L’image nous livre ce triste remède et emprisonne, enclave l’émoi au sommet d’une tour de porphyre, dans le vol d’un oiseau chassé, d‘une réserve et de ses sanctuaires assaillis. Une île arbore la livrée détestable d’une modernité argentée, d’une nouvelle féodalité dont les vassaux font de la terre les décharges sordides de l’avoir …!
Mais au fond, l’image ne saurait détrôner le ruisseau ou la source claire de l’homme fidèle épris de l’âme d’une Île meurtrie, terriblement blessée, dont la terre et ses enfants séculaires saignent sur les margelles du chaos.

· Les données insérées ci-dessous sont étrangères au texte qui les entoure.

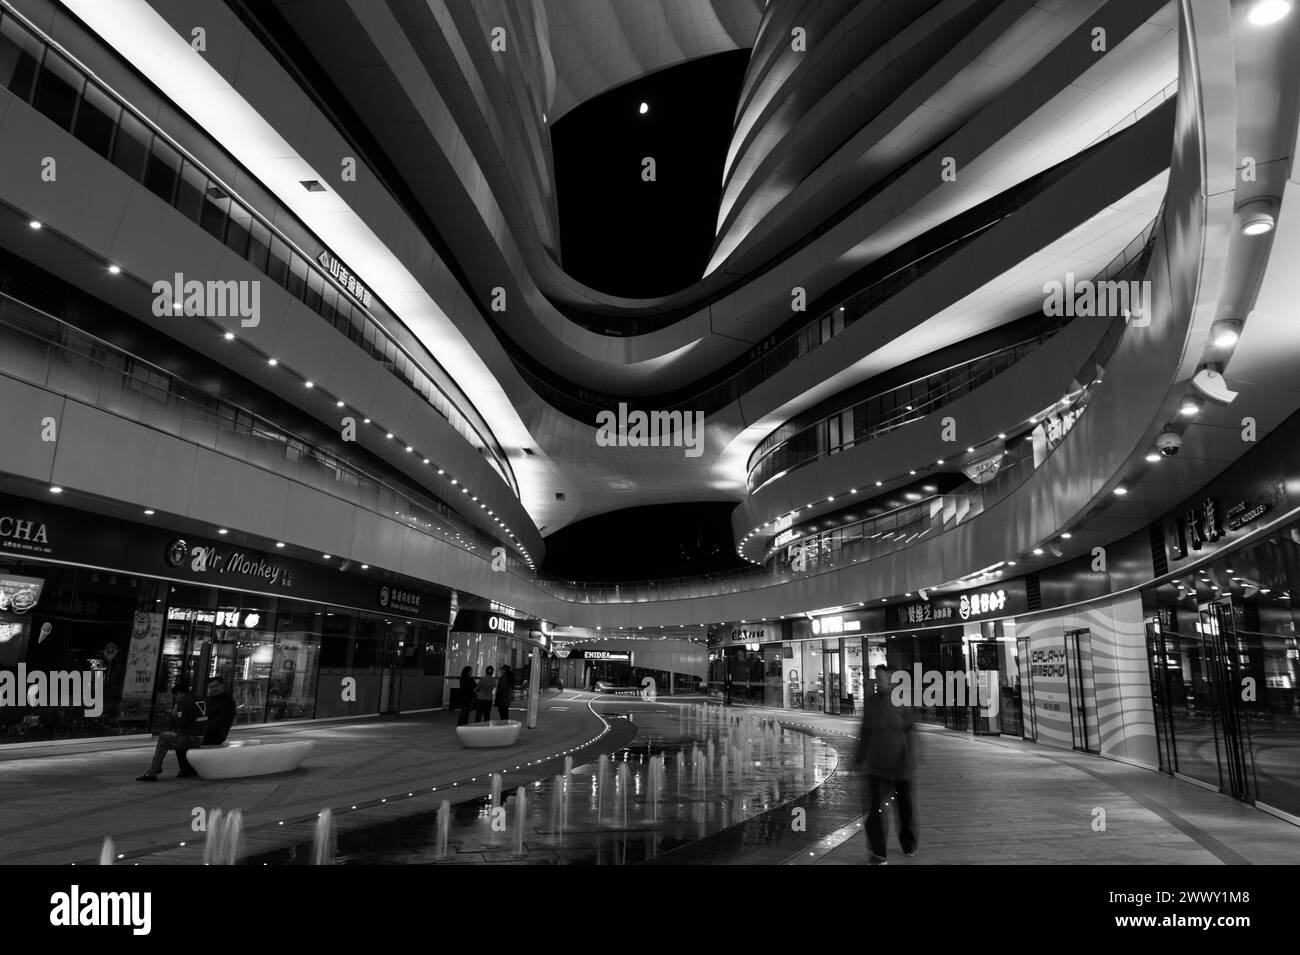 Galaxy soho, architecture, zaha hadid, night, beijing, china Stock Photo

Alors une Île abdique et vend à l’encan ses songes d’éternité dans la grand-messe du profit et du gain le plus facile. Qu'importe les termes de l’échange pourvu qu'ils ravissent sur le champ - de bataille - l’issue gratifiante d’une destinée inexorablement fuyante, périssable et encline à transformer en plus-value immédiate la sève de la terre, le suc de la mer…!
Immense joute où l’or des montagnes, une mer de platine sont mis à prix, sous la coupe réglée de la finance et de ses affidés, des chevaliers de l’image perverse enchaînés au faîte toni-truant de l’Euro.
Je croise au large, entre deux Îles. Je devine dans les lointains la bise blanche de la Haute Route et de l'embrun. La mer et la terre brassent dans leur immuable communion les sacrements de pureté et de fidélité que le commerce des hommes ignore d’achever à l’aune de l'égo, à coups de masses avides .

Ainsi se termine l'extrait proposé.